Publié aux éditions Vroum, le recueil de Louis Dorsène s’intitule Quatre catastrophes, comme autant de poème à dire à haute voix pour mieux revenir au pouvoir agissant de la poésie, dans une écriture engagée, vive et pleine d’humour.

Rodolphe Perez : Tu as publié aux belles éditions Vroum Quatre catastrophes, un texte assez étonnant présenté comme « recueil de récits poétiques à dire à haute voix ». Récits d’abord, en ce que cela en est sans en être, tout aussi informe que la forme du recueil lui-même – et d’une informité heureuse, « hybridité » – que ces textes ne sont pas, mais plutôt comme des raisonnements narratifs qui saturent l’argumentation, qui sapent toute fiction.

Louis Dorsène :La notion de récit pour qualifier le travail de Quatre Catastrophes me semble fondamentale dans la mesure où il s’agit bien de raconter quelque chose, d’investir des évènements, des idées, par le recours à l’image. Chaque poème se construit autour d’une crise, d’un épisode qui contient en lui-même une évolution linéaire : à ce titre, Volcan(s) apparaît comme le plus simple, en apparence, en prétendant être le seul récit d’une éruption avant/pendant/après. Dans le concept même de « catastrophe », on trouve l’idée d’un changement, et donc d’une progression chronologique ou idéelle : l’approche de la catastrophe, quelle que soit la manière, rejoint la nécessité d’un récit, que ce soit celui fait par l’écriture, ou imaginé en amont par le lecteur.

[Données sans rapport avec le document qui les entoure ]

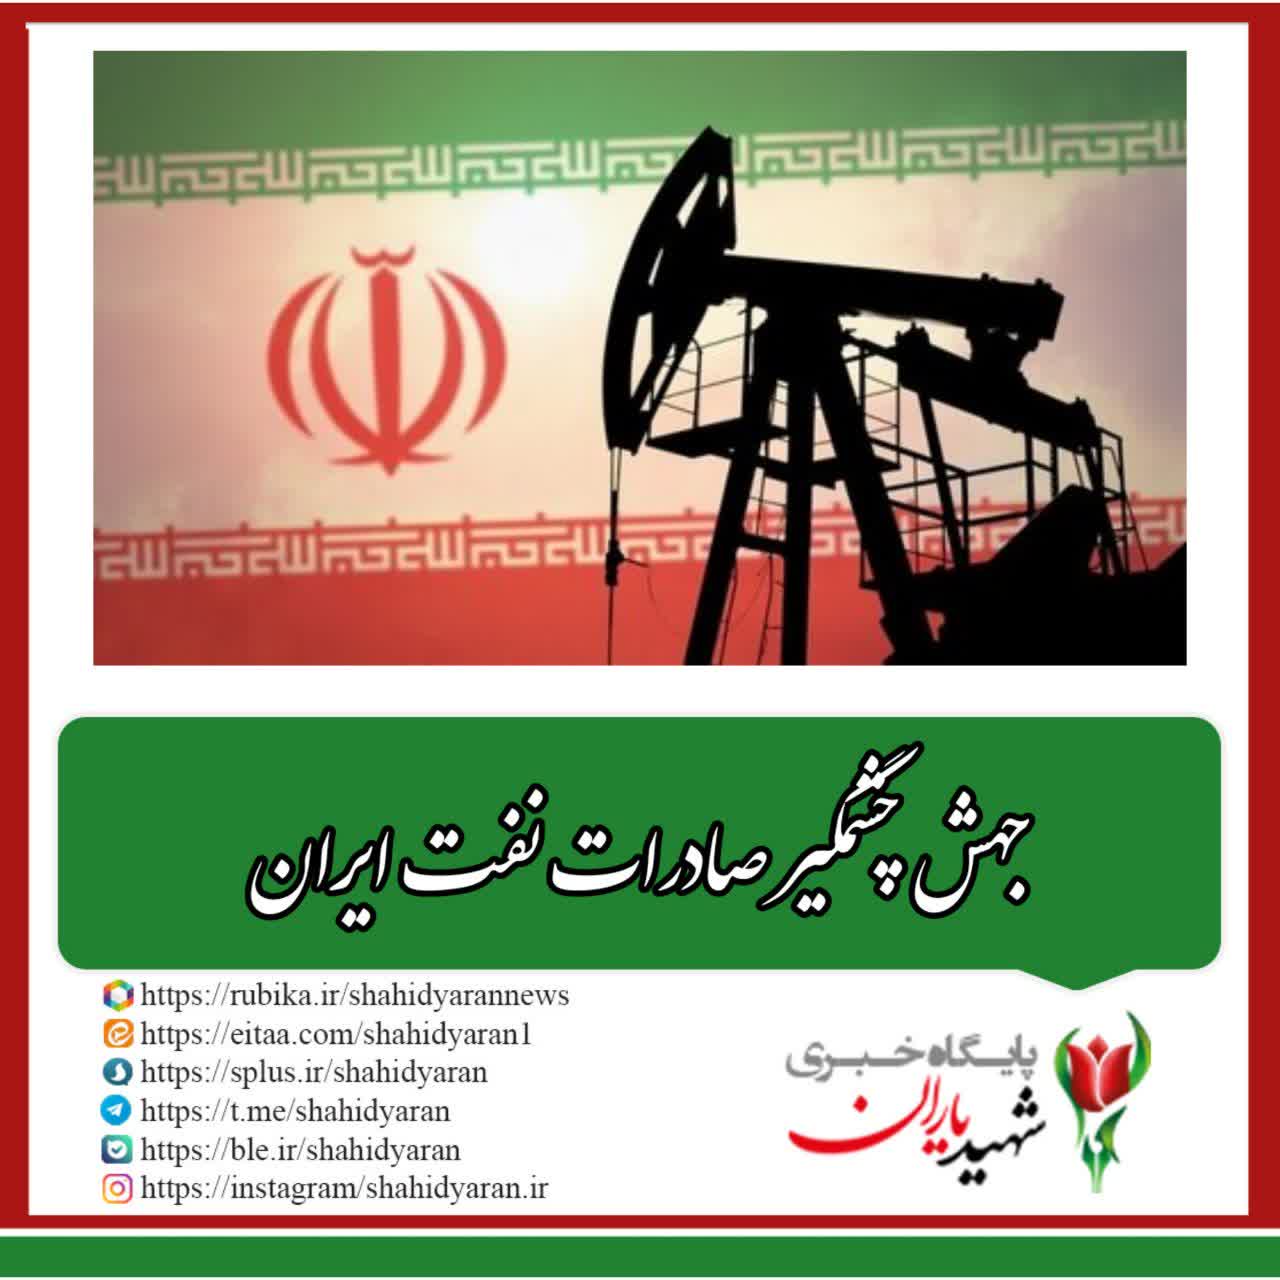 بلومبرگ گزارش داد؛ جهش چشمگیر صادرات نفت ایران

Ainsi, récit et fiction ne recouvrent pas nécessairement, dans ce recueil, le même geste : ou alors il s’agit de penser une fiction non-humaine, sans autre personnage ni discours que celui tenu par les forces mobilisées dans ces mêmes évènements, ce qui déplace automatiquement l’approche même de l’idée de fiction. Dès lors, le recours à des « raisonnements narratifs qui saturent l’argumentation » montre une autre manière de faire histoire : la succession d’images, ou leur épuisement méthodique, pseudo-argumentatif, comme dans la comparaison « Le capitalisme est comme un iceberg », participent activement de la résolution de la catastrophe, ou de son ouverture vers un monde autre, aussi bien que n’importe quelle péripétie ou n’importe quel dénouement dans une fiction. Or, c’est ce « monde autre » que je cherche à ouvrir, à créer en tant que possible avec le recours à une poésie qui me semble plus épique que lyrique.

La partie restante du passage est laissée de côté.